Der Schritt in die große Stadt hat sich gelohnt. Um im urbanen Treiben nicht unterzugehen, machte ich einige Tauchübungen. So engagierte ich mich in einigen sozialen und kulturellen Initiativen in der Nachbarschaft und begann, erste Zeitungsartikel über das Erlebte zu schreiben. Hinzu kamen Film-, Musik- und Buchrezensionen. Nach einem spannenden Studiensemester in Paris, das dem Wahlberliner vor allem durch einen mehrmonatigen Studentenstreik und Ausschreitungen in den Vororten eine Lektion in Sachen Bildungskämpfen und Stadtentwicklung erteilte, wurde das soziokulturelle Leben in Frankreich zu einem weiteren Schwerpunkt meiner journalistischen Arbeit.
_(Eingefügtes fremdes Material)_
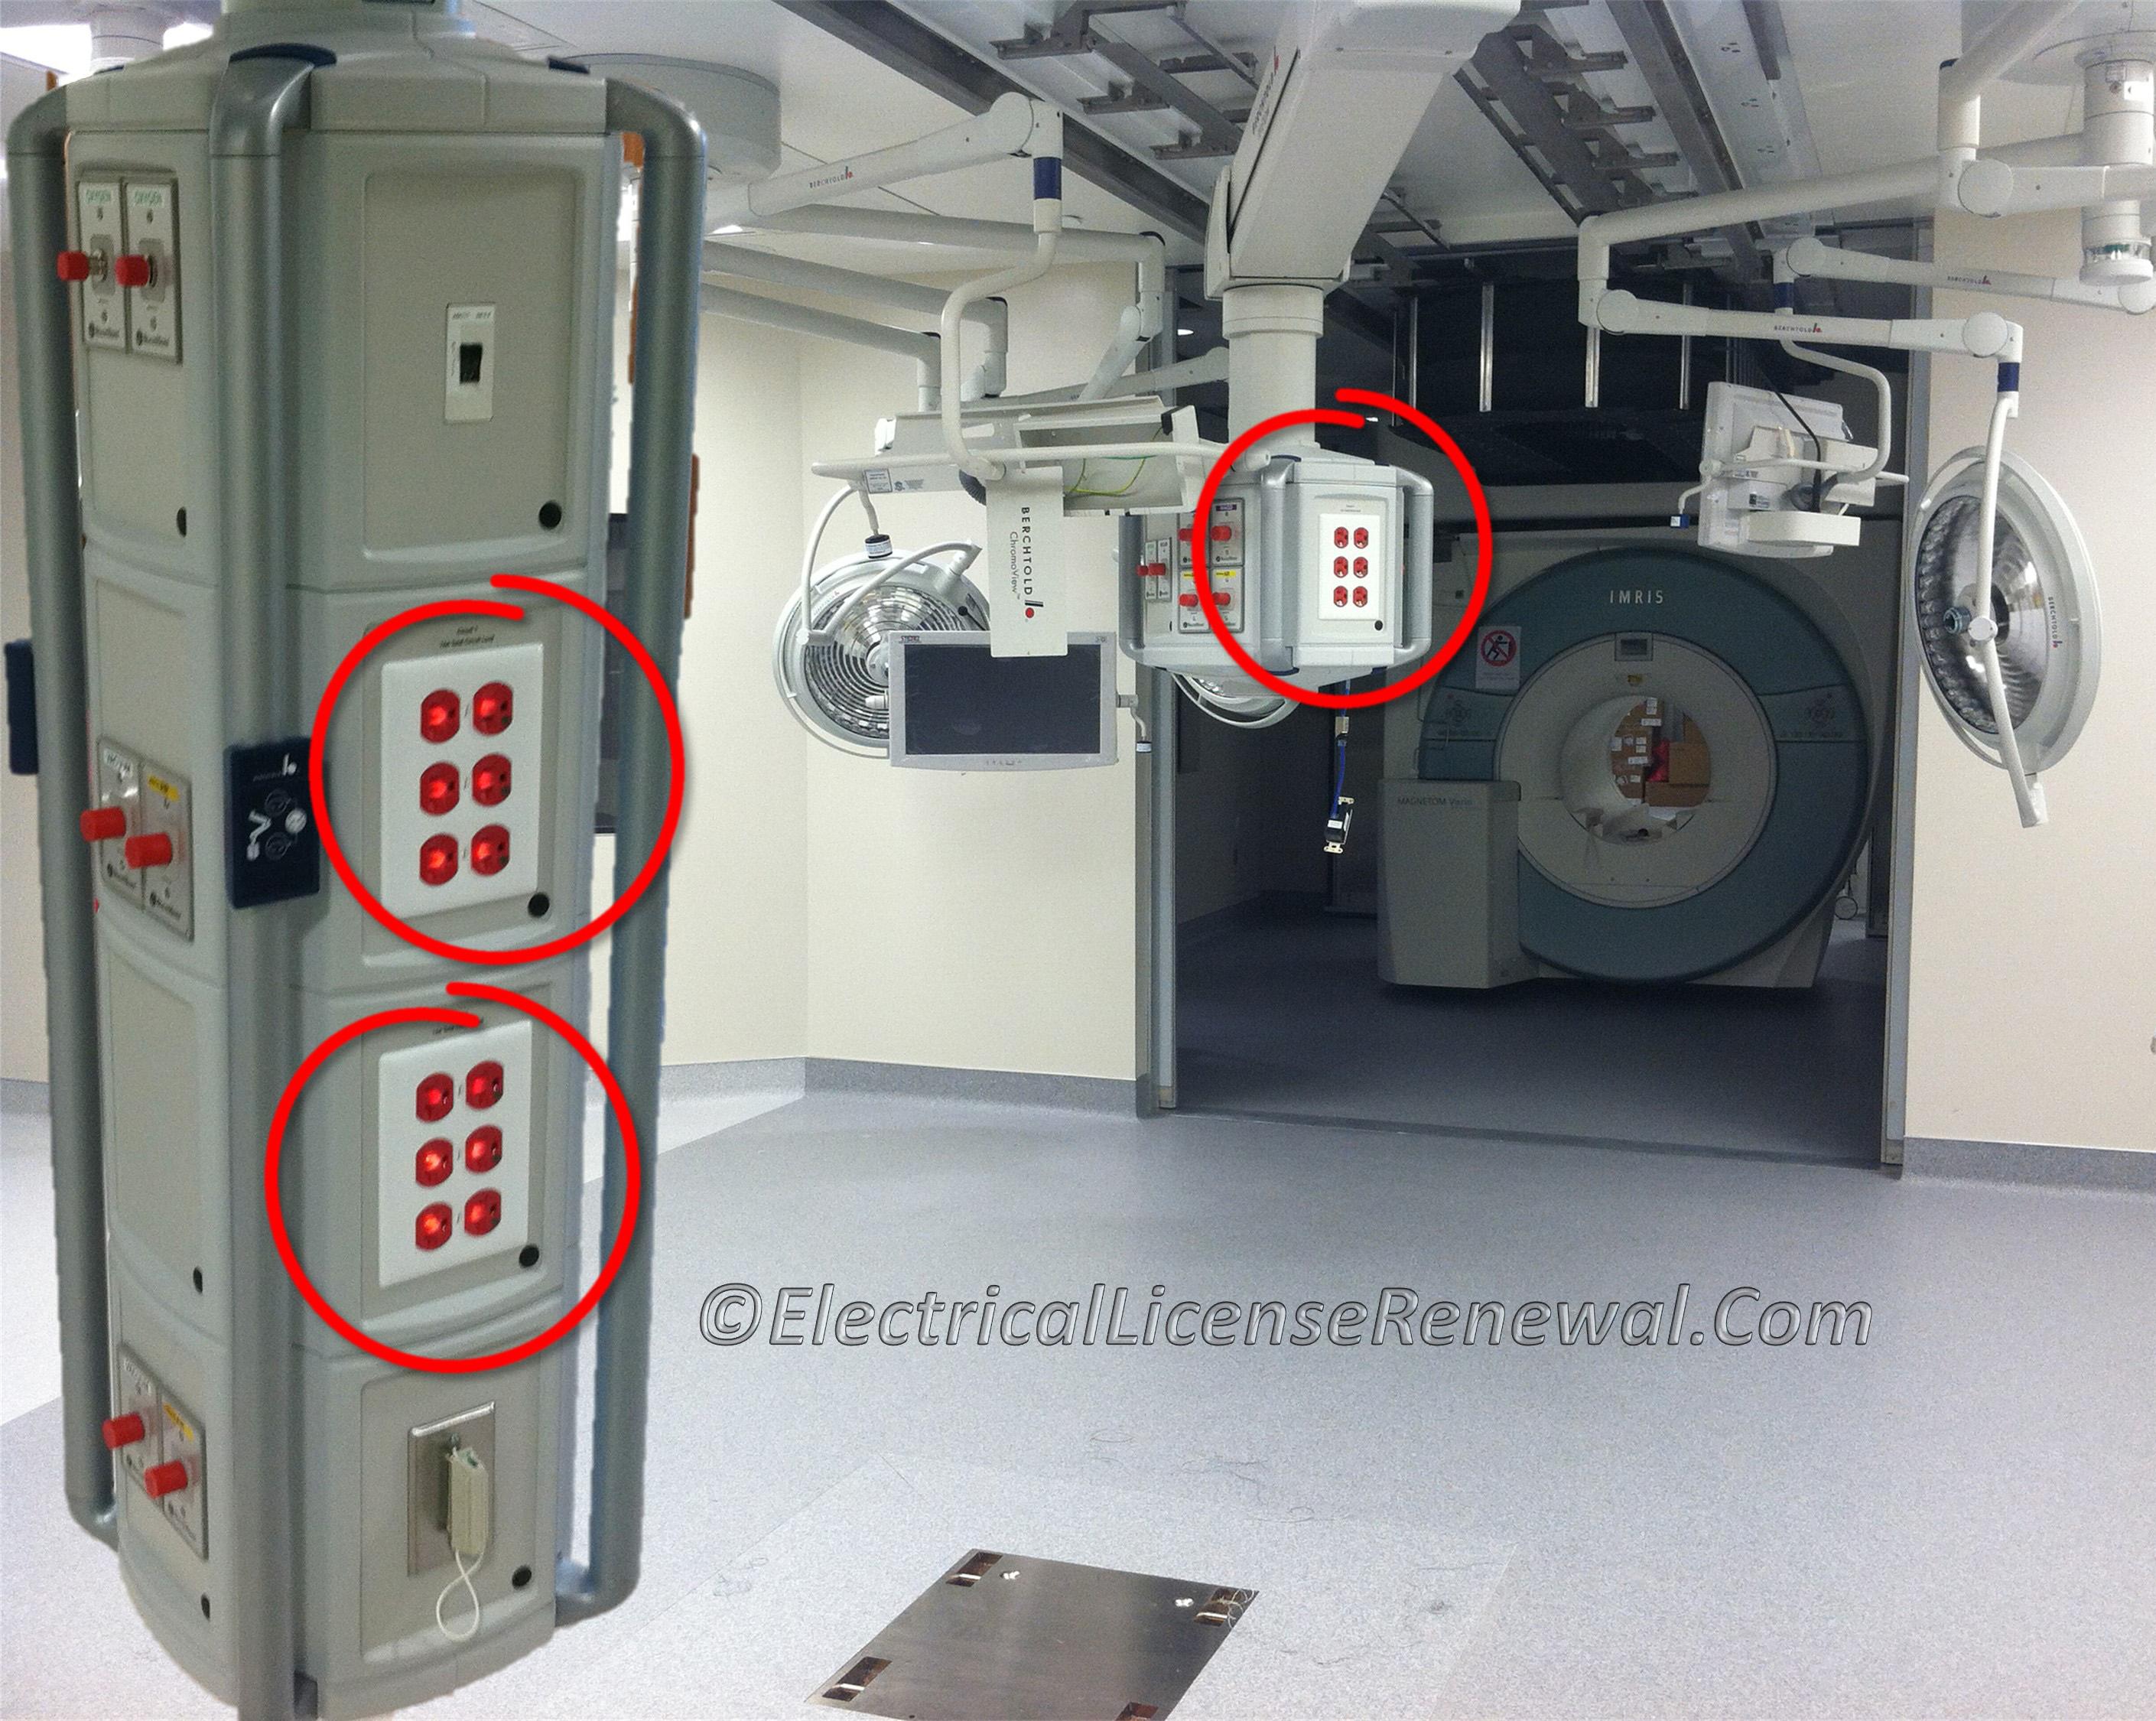 517.19(C) Operating Room Receptacles.

Regelmäßig berichtete ich für die Jüdische Allgemeine aus Frankreich, wobei mir immer bewusster wurde, dass das Verhältnis der scheinbar säkularen Staaten zu Religionsgemeinschaften – zumal in Einwanderungsgesellschaften – mitnichten so geklärt ist, wie weithin angenommen.

Das schillernde Verhältnis von Politik und Religion begann mich immer mehr zu faszinieren. Und auch in Berlin am Lehrstuhl für politische Theorie und Ideengeschichte, wo ich als studentische Hilfskraft arbeitete und Seminare gab, wurde dies zunehmend mein Thema: Ich lernte, dass die gesamte Geschichte eine Geschichte umkämpfter Grenzziehungen zwischen weltlicher und geistiger Macht war und ist. Egal ob progressiv oder reaktionär: Religiöse Motive sind aus politischen Bewegungen bis heute nicht wegzudenken. Was das konkret heißt, wird wohl nirgends so ausgreifend dargestellt, wie in Publik-Forum, Hier bin ich am richtigen Ort.

Dass sich der Anspruch auf ein besseres Leben auf Erden für Alle und die Suche nach Sinn nicht ausschließen –, diese Position ist in Politik und Kirchen selten genug. Noch stärker gilt das für den Journalismus. Nach einer Zwischenstation als Lektor, Übersetzer und Archivmitarbeiter für den Suhrkamp-Verlag bin ich nun sehr glücklich, dass ich im Rahmen meines Redaktionsvolontariates bei Publik-Forum die Möglichkeit bekomme, mein journalistisches Handwerk zu lernen: in einem kritischen, streitbaren und tiefgründigen Medium. Purer Luxus eben.

KURZBIOGRAFIE: Tilman Vogt, geboren 1983, ist seit Oktober 2012 Redaktionsvolontär bei Publik Forum. Abitur am Deutsch-Französischen Gymnasium in Freiburg; Studium der Politikwissenschaften an der FU Berlin und an der Université Paris 8. Während des Studiums und danach Mitarbeit und Lehraufträge am Lehrstuhl für Politische Theorie und Ideengeschichte, freier Journalist für verschiedene Zeitungen und Rundfunk und zuletzt freier Lektor und Übersetzer für den Suhrkamp-Verlag in Berlin.